In general, no constitutional or procedural bar prohibits a plaintiff from seeking
injunctive relief that, if granted, would conflict with an order previously entered in another action
to which the plaintiff was not a party. See Taylor v. Sturgell, 553 U.S. 880, 892-93 (2008);
Martin v. Wilks, 490 U.S. 755, 761 (1989).
PLAINTIFFS’ SUPPLEMENTAL FILINGS STILL MAKE NO SHOWING
OF INJURY SUFFICIENT TO ESTABLISH THEIR STANDING.

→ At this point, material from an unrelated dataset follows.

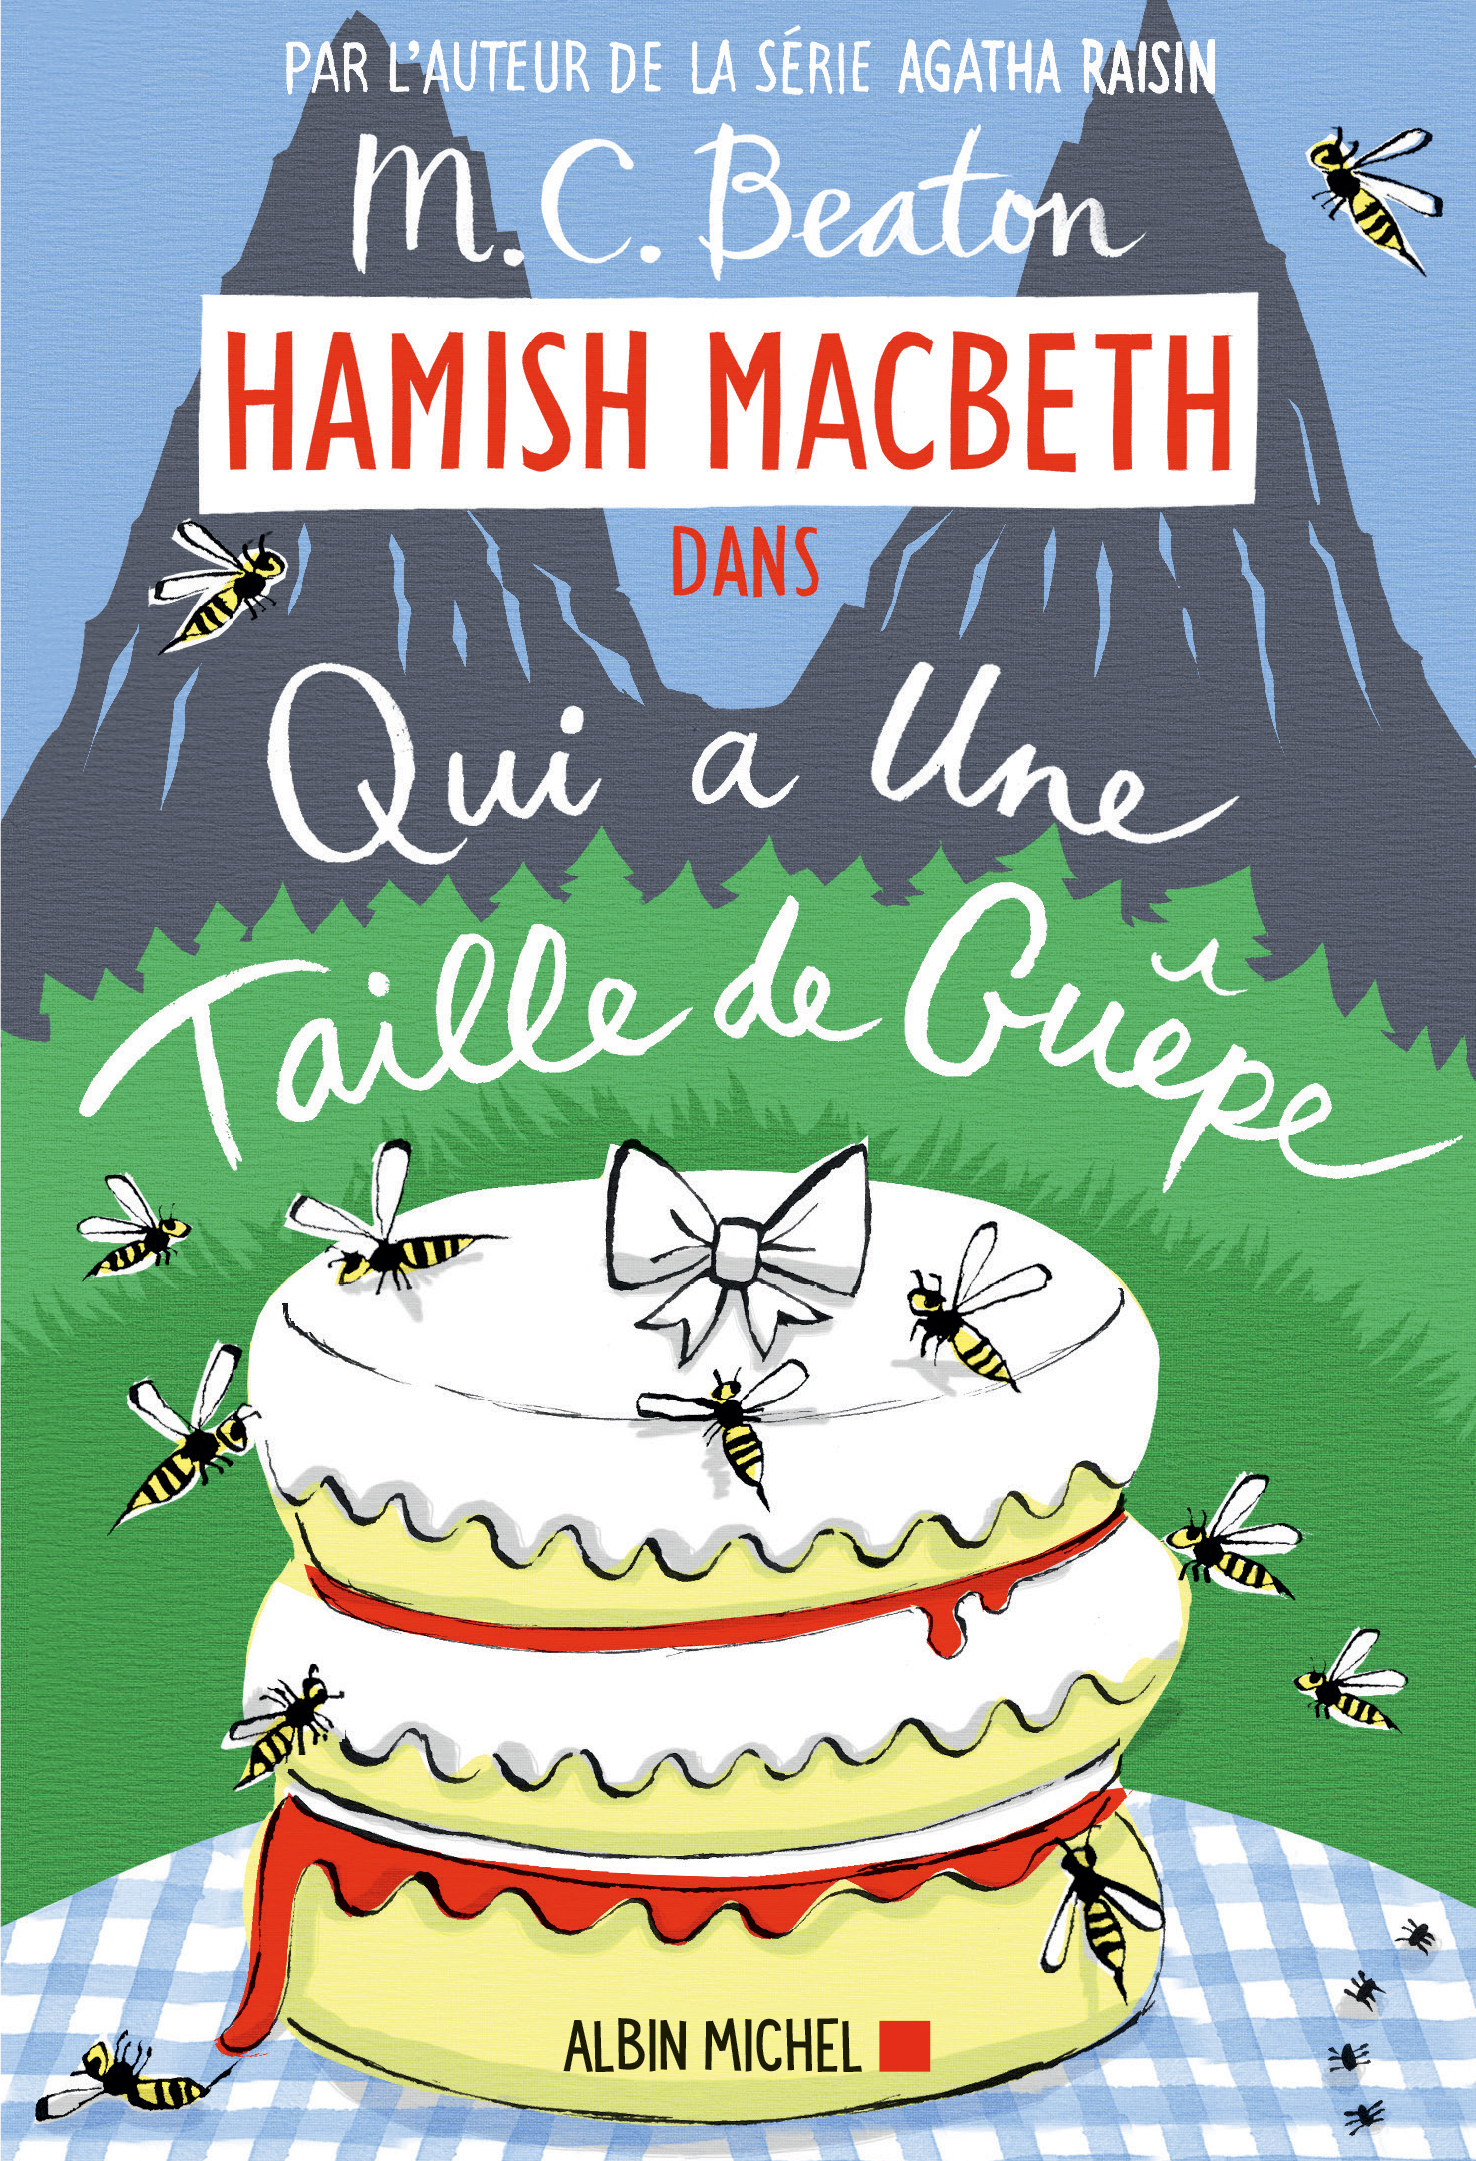 Couverture du livre Hamish Macbeth 4 - Qui a une taille de guêpe

Because reaching the merits of Plaintiffs’ non-precluded claims would force the Court to
decide whether actions taken by a coordinate Branch of the Federal Government in the field of
intelligence gathering are unconstitutional, the Court’s application of Article III’s standing
requirements must be “especially rigorous.” Amnesty Int’l v. Clapper, 133 S. Ct. 1138, 1147
(2013). Nothing in Plaintiffs’ reply, or the affidavits filed with it, is sufficient to support their
standing under the circumstances of these cases.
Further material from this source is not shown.